I don't think anyone's obligated to like the season by any means but you can just say you aren't feeling it as opposed to trying to make these apples-to-apples comparisons to season 1 that really don't hold water; I think people are just a lot more willing to accept this type of storytelling when it's about men and kind of has a fetishization/shame angle with masculinity in general. Like S1 is very masculine but it's also a love story. idk. I'm gay so I should probably stick to Tumblr for talking about this show, ya'll are wild.
----
idk watching people who are probably white dudes complain on Reddit that we are seeing too much "native culture" on the show strikes me as really icky.
i recognize that these are reddit comments and not like, actual media criticism but i think it says a lot about how people are conditioned to understand storytelling in general. like there's still so much fucking misogyny and white supremacy in our mainstream media and i realize a lot of people wouldn't say it out loud but i think they genuinely just find it exhausting that they're being asked to contemplate the interior lives of native alaskans and women by watching this show lmao
(that's not a value judgment about how well it is doing at depicting Iñupiat culture because i'm not the person who gets to make that judgment but it REALLY rubs me the wrong way that people can't STAND even seeing it depicted)

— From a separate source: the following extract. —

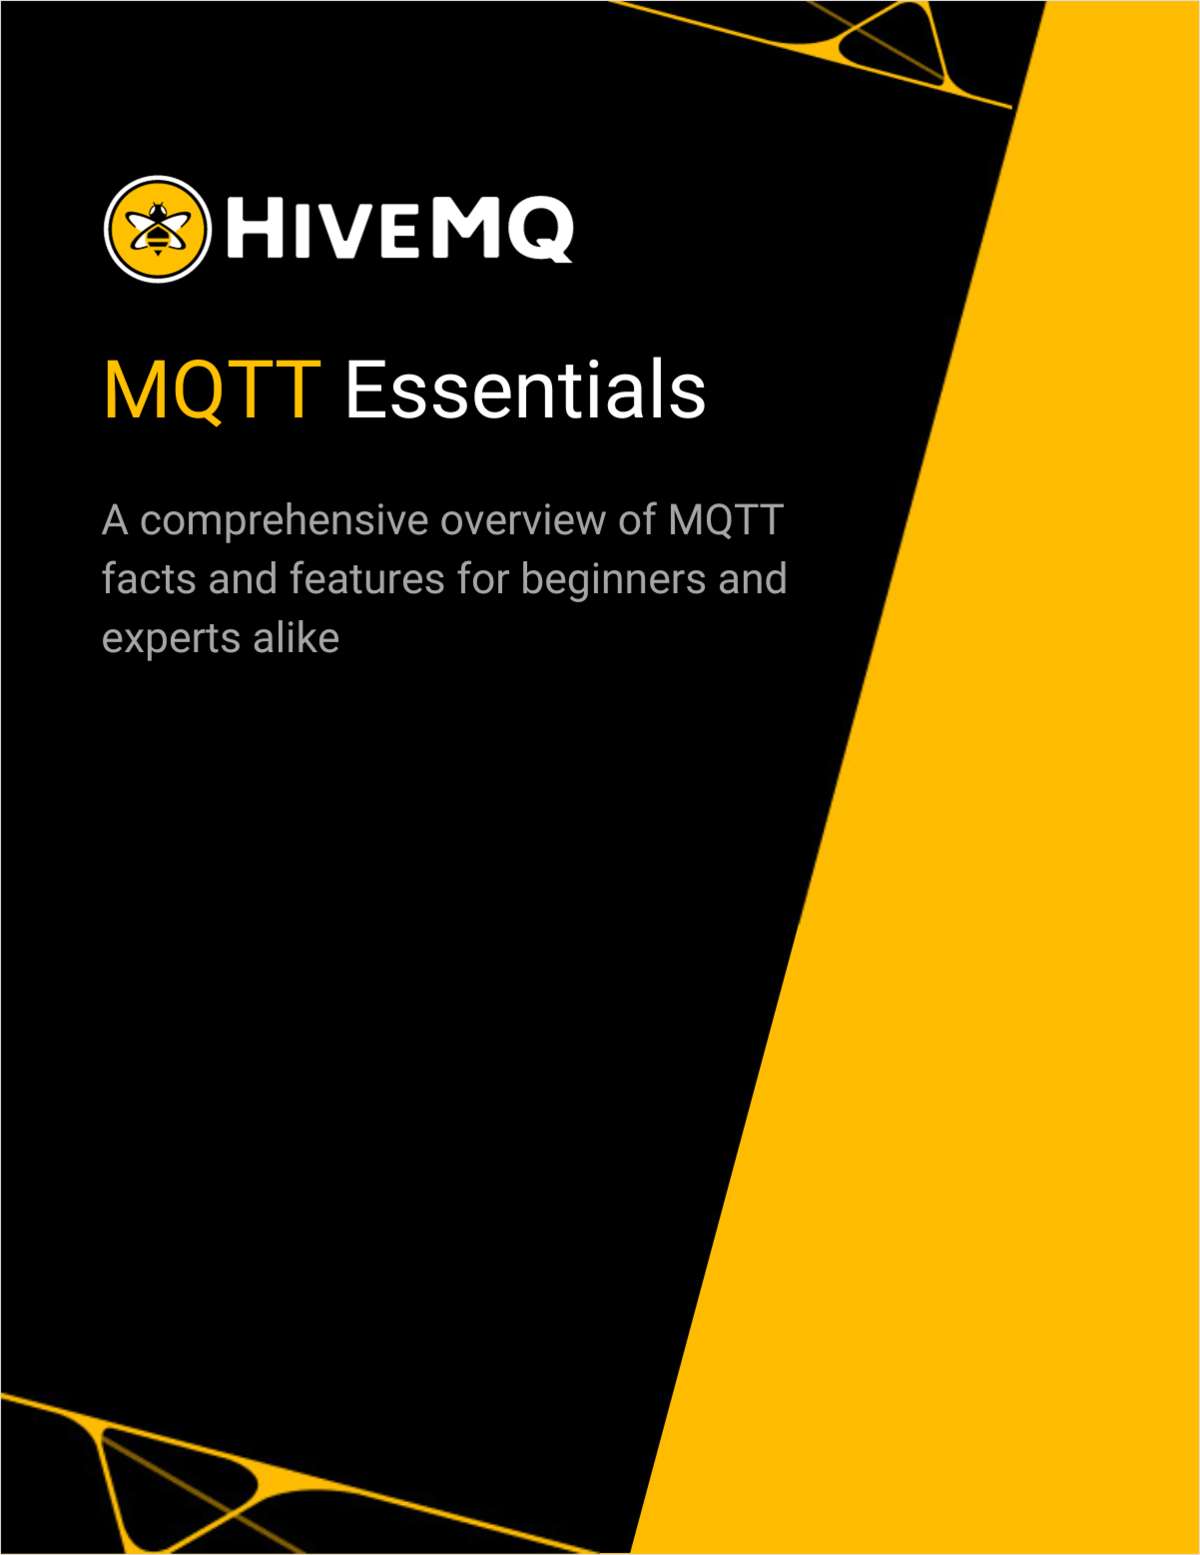 MQTT Essentials

(i think the fetishization of the American south also has a lot to do with it, like people are very willing to accept the aesthetic style of the American south as a vehicle for crime/mystery/possibly supernatural storytelling because it really doesn't challenge any conceptions they might have about the genre) (it helps that Woody Harrelson and Matthew McCounaughey are native southerners with great acting talent and natural screen chemistry who really took Season 1 to a higher level, in no small part thanks to their uncredited script doctoring. with lesser actors I think the story falls flat as hell because you need them to sell a rich relationship and complex inner lives with their performances because SO MUCH of their relationship is subtextual) (so when people see these great acting performances in the context of a police procedural set in Louisiana i think they're very pre-conditioned to elevate it to an almost mythical status in the genre because it doesn't present TOO many challenges to a conventional worldview about who has power and agency in stories)
like I said i've watched season 1 probably 10 times. it's very good. but it does MANY of the same things that people are complaining about regarding season 4/night country in terms of showing a lot of relationship/sexual drama for the leads and their Tragic Pasts. they just don't like it. which is fine. i just think it's a disingenuous angle to approach criticism of the show.
like if any actor other than McConaughey were doing Rust's monlogues in S1 it would not have been very good because it would have come off like self-serious edgelord shit, which is what it actually was (pizzolatto sucks) before it ended up in the hands of competent producers and performers. instead it really comes off like a man who has suffered and developed this worldview genuinely, within himself, not as a way to wield power over others but to protect himself from harm.
anyway....
for my part, i wanna know what the fuck is up with the spirals and the bad CGI polar bear visions and i'm going to be disappointed if it's not just some massive red herring designed to freak people out a little because that's what we deserve.
but in terms of like, the characters' lives, i generally find them very interesting. the opening scene of episode 3 with annie genuinely moved me to tears. annie seems like a fucking cool person and i would love another flashback about her.
i love that liz is a fucking asshole who is constantly being forced to confront her own behavior as racist, self-centered, impulsive, etc.
i love that evangeline is a very lonely person just barely keeping it together. kali reis is putting on an amazing performance. also, for the record, i'm VERY gay.
i wanna know more and there are only 2 episodes left and i hope it sticks the landing so i can write a big actual essay about what it did well from a storytelling perspective!